Françoise Colombo-Thuillard: Un plus grand soutien public nous permettrait de dépasser un plafond déjà atteint. La structure est connue et reconnue à Fribourg. Elle répond, avec des moyens limités, par des prestations cohérentes pour tous dans le Canton. Ce type de maladies ne fléchit pas, il nous faudra investir encore plus de temps pour obtenir ces ressources. J’aimerais aussi mieux organiser les suites données aux consultations, développer des groupes de soutien et offrir des compléments thérapeutiques à l’approche relationnelle.

Jean-Marie Annoni: Notre organisation se devait d’être la plus légère possible: les consultations répondent aux attentes, sont prises en charge par les caisses maladie et nous bénéficions du support administratif de l’Hôpital. Au-delà, nous n’avons reçu qu’un soutien public de principe, hormis pour la part de notre temps investi. J’aimerais développer plus de ponts vers les Hautes Ecoles de la Santé. Je sais à quel point la Consultation Mémoire peut être un moteur pour de nombreux projets de recherche: nous avons un besoin constant de nouveaux outils pour avancer. Et j’espère que la récente demande déposée pour une recherche dans le domaine des biomarqueurs, qui permettraient le dépistage biologique des maladies, aboutira.

 

De toutes les consultations, une belle histoire à retenir?

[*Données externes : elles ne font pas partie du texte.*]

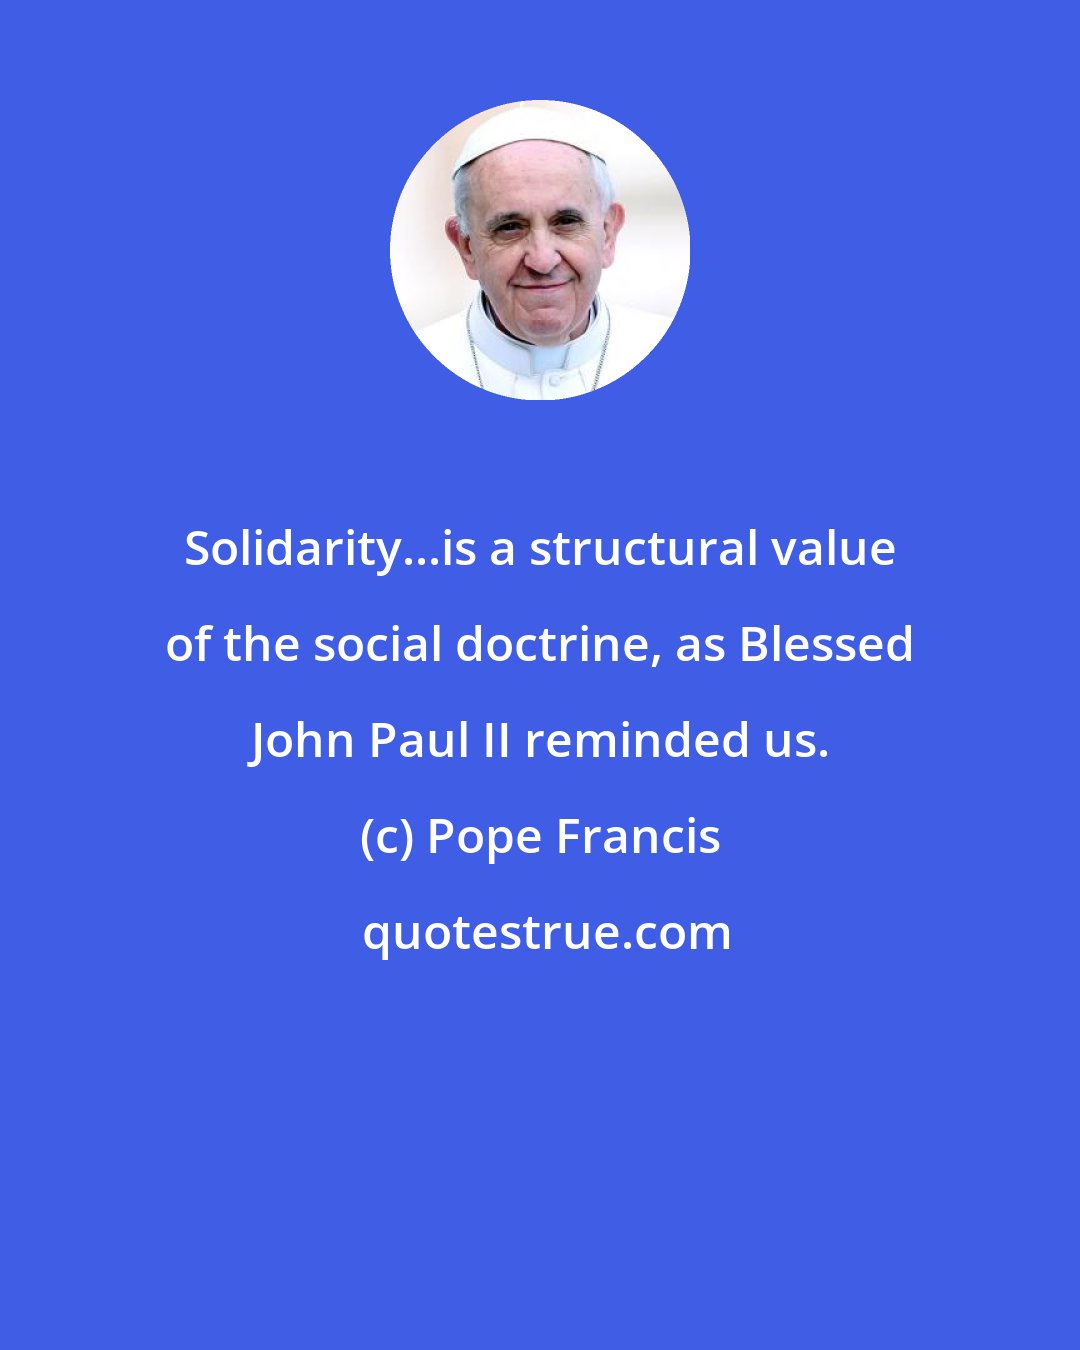 Pope Francis: Solidarity...is a structural value of the social doctrine, as Blessed John Paul II reminded us.
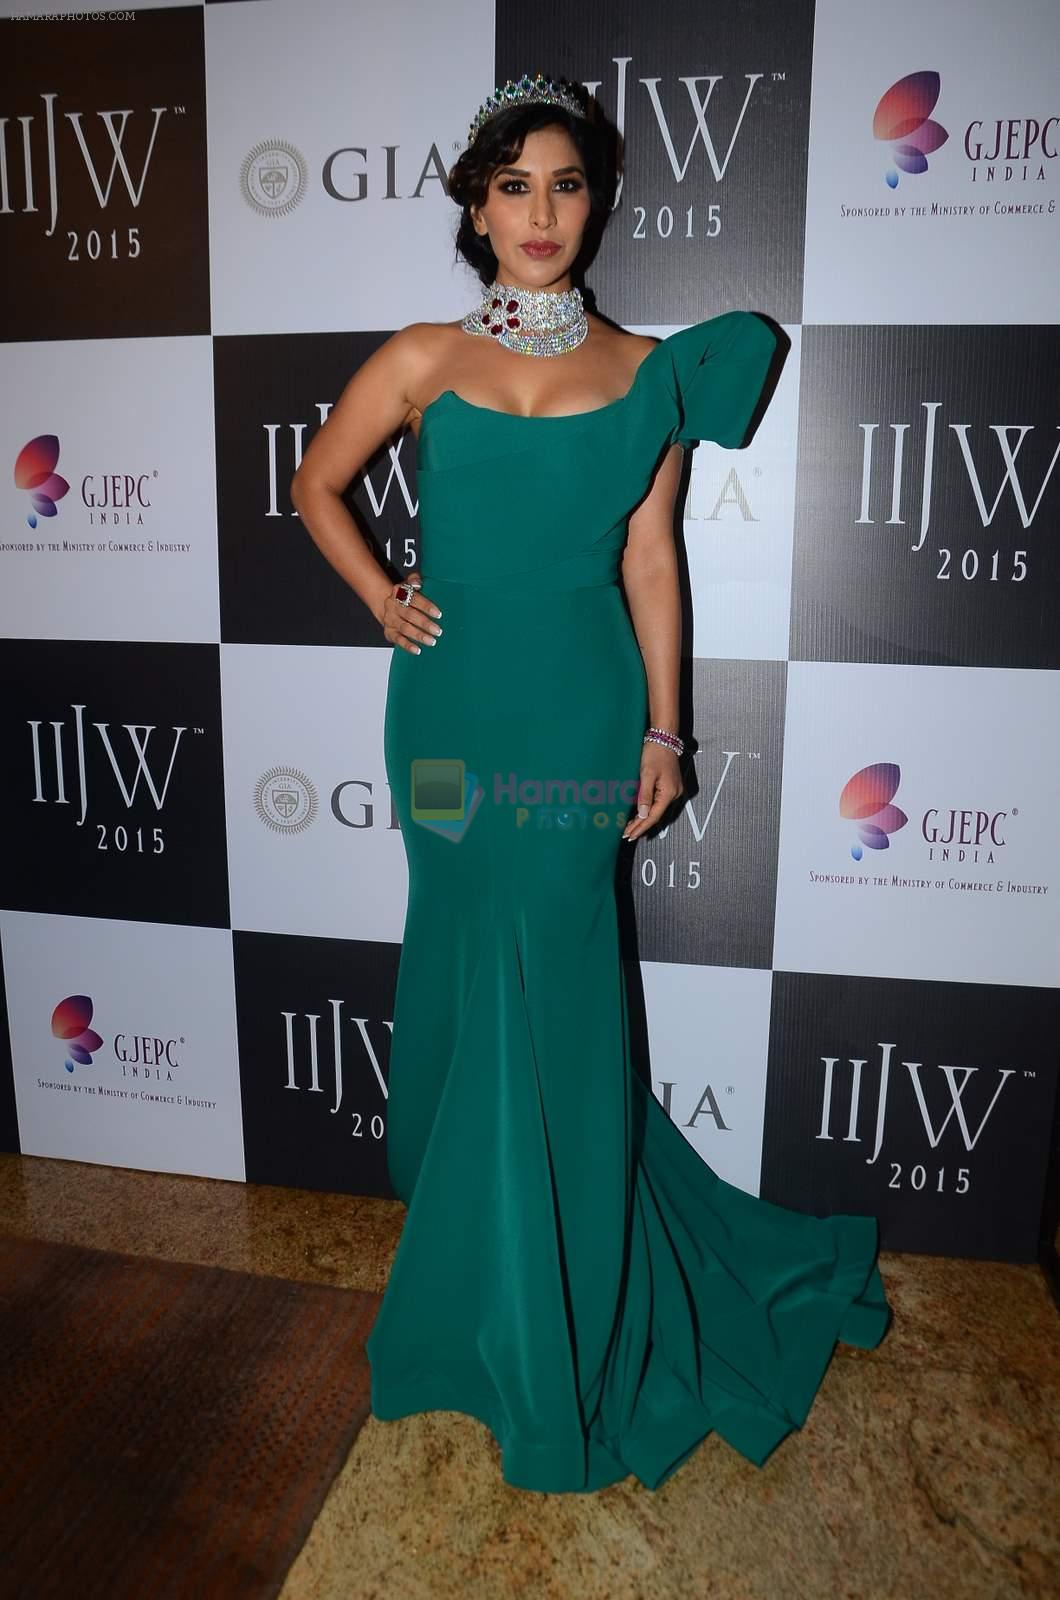 Sophie Chaudhary on Day 3 of IIJW 2015 on 5th Aug 2015

Françoise Colombo-Thuillard: Celle d’un haut fonctionnaire fédéral pour lequel la maladie induisait de fortes complications dans son couple. Suite au diagnostic, le couple a pu retrouver un respect mutuel. Je me rappelle aussi qu’il était féru d’improvisation pianistique et, lorsque son autonomie a dramatiquement fléchi, c’est la dernière part de ses compétences qui est restée intacte. J’en ai conservé l’enregistrement et y trouve toujours une forme d’émotion…

 

Jean-Marie Annoni est professeur ordinaire à la Chaire de neurologie du Département de médecine.

jean-marie.annoni@unifr.ch

Françoise Colombo-Thulliard

est responsable de l’Unité de neuropsychologie et aphasiologie de l’hôpital fribourgeois.